地鎮祭までの準備や当時の流れを把握するために、実際に立ち会ってみた
家を建てる前の「地鎮祭」。聞いたことはあるけれど、時間もお金もかかるし本当に必要?やった方がいいのかわからない、というかたも多いと思います。そこで今回、儀式当日の準備や流れを体験しに実際の地鎮祭に立ち会ってきました。
地鎮祭当日の準備
地鎮祭は施主が土地を購入後、工事着工前のタイミングで行う儀式。土地の四隅に青竹を立て、その間をしめ縄で囲って行われます。
地鎮祭当日に使用するテントや椅子、紅白幕、青竹、しめ縄、盛り砂などは施工会社が、祭壇は神主さんが準備をするのが一般的です。
また、施工会社や地域などによっては、施主が準備するものもありますので、事前に確認しておきましょう。
・祭壇の組み立て
今回は敷地から車で7~8分の場所にある神社の神主さんに地鎮祭を依頼していて、祭壇の準備や片付けは神主さんが行っていました。
・盛り砂
祭壇に向かって右側に、小さな円錐状に砂を盛ったものをつくります。
砂は施工会社が用意する場合がほとんどですが、施主が用意しなければいけない場合は「川砂」か「山砂」を用意します。
綺麗な円錐型に整えます。
盛り砂ができ上がったら、稲穂や榊(玉串)を立てます。
地鎮祭の流れ
地鎮祭には施主、神職、施工会社、工事関係者が参加し、午前中に行うのが一般的です。また、カレンダーの「大安」のほか、「友引」や「先勝」の午前中、「先負」の午後に行うのがよいとされています。時間は、約30~40分。長くても1時間ほどで終了します。
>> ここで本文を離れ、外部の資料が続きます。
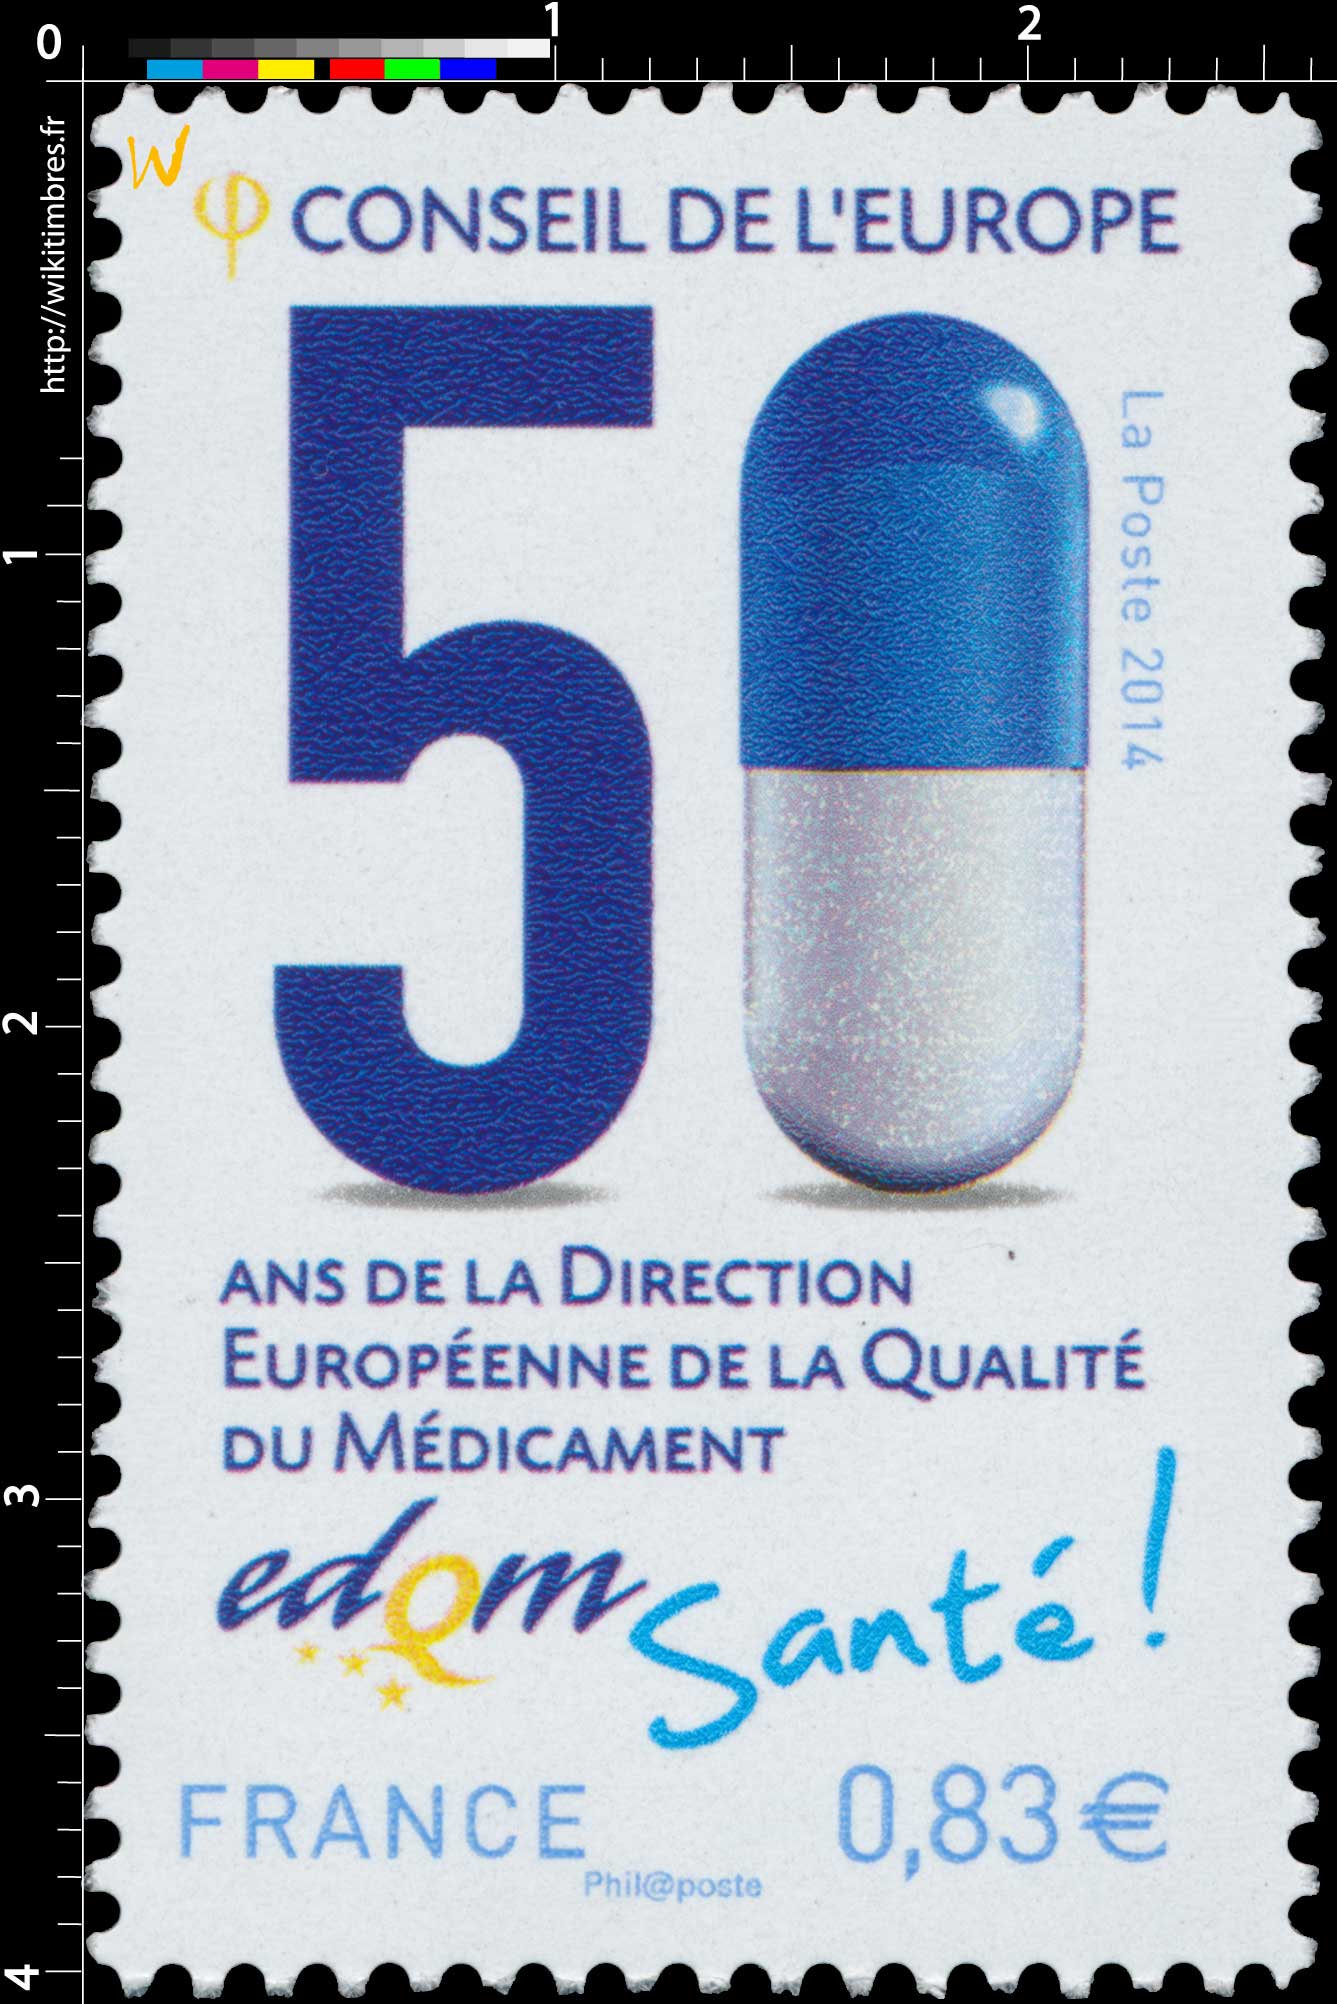 2014 CONSEIL DE L'EUROPE 50 ans de la Direction Européenne de la Qualité du Médicament edqm Santé !

儀式の順序や呼び方は地域などによって異なる場合がありますが、一般的な流れをご紹介します。
※今回は祭場に入る前に、手水桶から水をすくって両手を洗い心身を浄める「手水」はなく、代わりにアルコール除菌液が用意されていました。
1.修祓(しゅうばつ)
神職が神前で祓詩(はらいことば)を読み上げてお祓いし、祭壇・土地・参列者を清めます。お祓い中は参列者は頭を下げます。
2.降神之儀(こうしんのぎ)
神様を神饌(しんせん:祭壇のこと)にお迎えします。
3.献饌之儀(けんせんのぎ)
神様にお供え物を差し上げます。
4.祝詞奏上(のりとそうじょう)
神様に工事の安全を願う儀で、神職が祈りの言葉を読み上げます。
5.切麻散米(きりぬささんまい)
6.刈初之儀(かりぞめのぎ)
設計者が鎌で盛り砂の草をつかんで刈る動作を3回行い、草を抜いて下に置きます。
7.穿初之儀(うがちぞめのぎ)
施主が盛り砂に鍬(くわ)を3回入れ、盛り砂を崩します。
8.玉串拝礼(たまぐしはいれい)
神前に玉串を奉り、拝礼をします。玉串は手元で時計まわりにまわし、根元を神前に向けてお供えをし、2礼2拍手1礼を行います。
玉串奉奠(たまぐしほうてん)とも呼びます。
9.撤饌之儀(てっせんのぎ)
お供え物を祭壇から下げます。
10.昇神之儀(しょうしんのぎ)
神籬に下りていた神様にお帰りいただきます。
11.神酒拝載(しんしゅはいたい)
神前にお供えしていた御神酒を土器(かわらけ)の杯やコップなどに注ぎます。神職の合図で、参列者全員で乾杯をし飲み干して、地鎮祭の終了です。※今回は感染予防の観点から乾杯のみでした。
終了後はお供えしていた塩・酒・米を敷地の四方の土の上に撒き、そのほかのお供え物のお下がりは参列者でいただく、または施主が持ち帰ります。
地鎮祭は新しい住まいと暮らしの第一歩
地鎮祭終了後は、ご近所への挨拶まわりをするのが一般的です。挨拶まわりは施工会社のみで対応してくれる場合もありますが、住まい完成後のご近所付きあいをスムーズにスタートできるよう、地鎮祭当日に施主も挨拶まわりを行うのがおすすめです。
地鎮祭は必ずしも行わなければいけない儀式ではありません。ただ、これから家づくりに関わってくれる棟梁や大工さんの労をねぎらう、また相互にコミュニケーションを持つという意味合いもあり、親世代ほど大事な儀式として考えていることも。
地鎮祭には10万円前後の費用もかかりますし、儀式の準備や参加のために時間もかかります。「できれば省略したい」と考える方もいるかと思いますが、家づくりの第一歩となる伝統的な儀式ですので、ご家族やハウスメーカー、工務店とよく相談して決めていきましょう。